In my complex analysis book there is the expression $$\frac{1 - |z|^2}{|1 - \bar z e^{it}|^2}$$
and it says that when $z = re^{it}$, we can write the above expression as $$P_r(t) = \frac{1 - r^2}{1 - 2r\cos t + r^2} = \text{Re}\left( \frac{1 + z}{1 - z} \right)$$
I do not see where the $\cos t$ comes from though.

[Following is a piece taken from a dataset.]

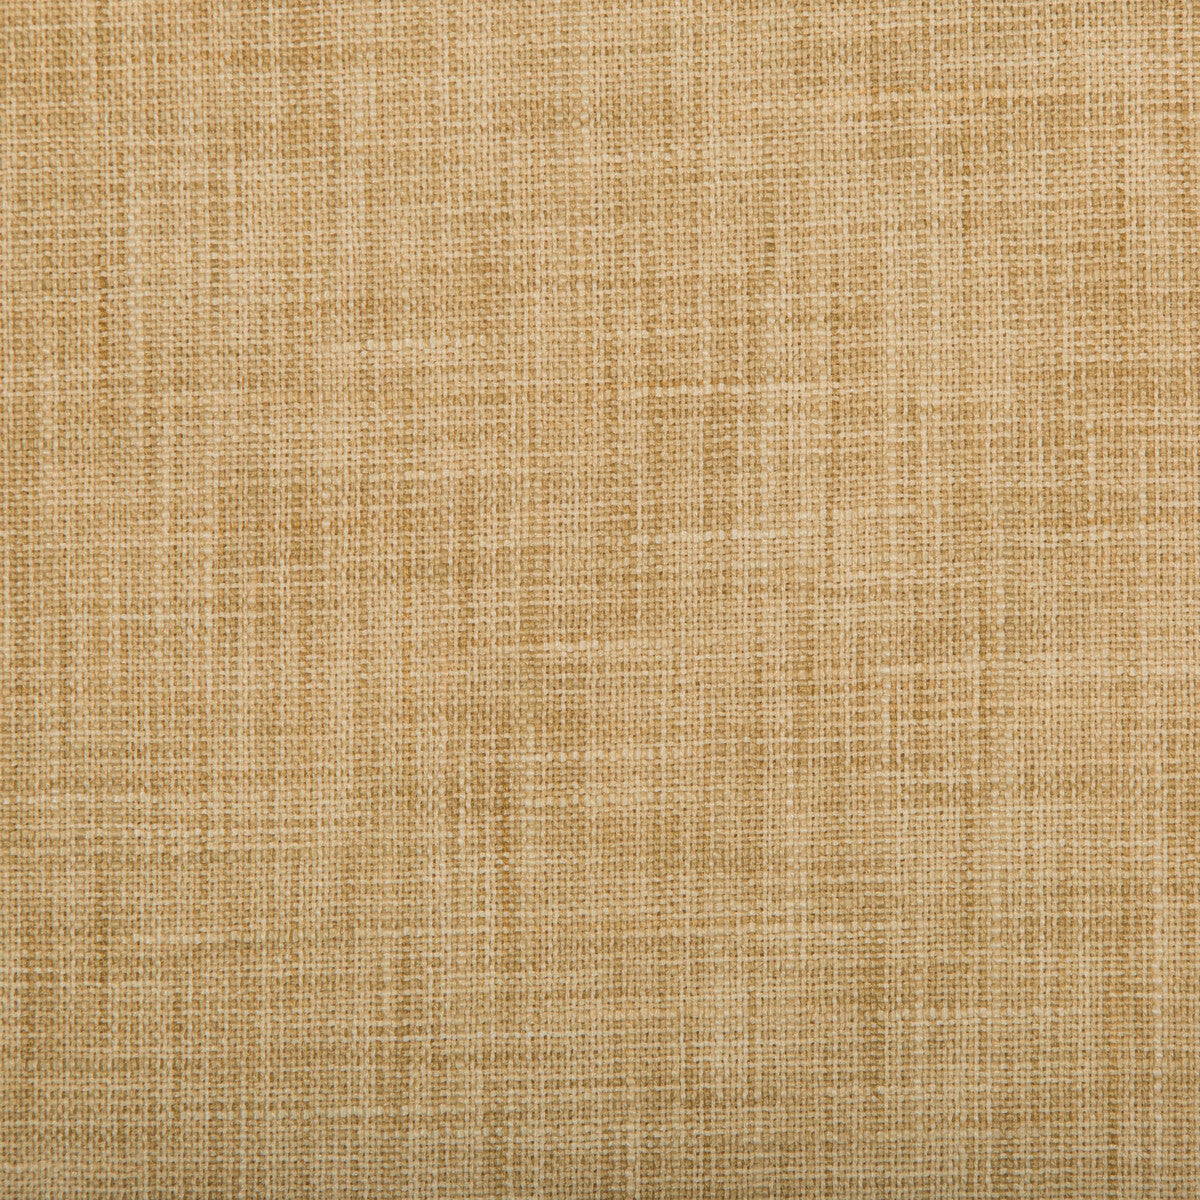 Kravet Basics fabric in 4668-4 color - pattern 4668.4.0 - by Kravet Basics

Isn't $\bar z = re^{-it}$, so the top is $1 - r^2$ and the bottom is $|1 - r|^2 = 1 - 2r + r^2$. I have not really figured out where the $\text{Re}(1 + z)/(1 - z)$ comes from either.
Here is a link a of the book. $P_r(t)$ is defined at equation (5) as $\frac{1-r^2}{1-2r\cos t+r^2}$. If $z=re^{it}$, then $$\frac{1+z}{1-z}=\frac{1+re^{it}}{1-re^{it}}=\frac{(1+re^{it})(1-re^{-it})}{(1-re^{it})(1-re^{-it})}=\frac{1-re^{-it}+re^{it}-r^2}{1-2r\cos t+r^2},$$ and the real part of $-re^{-it}+re^{it}$ is $0$.
It helps us to write a formula for $f(re^{it})$, involving $P_r$.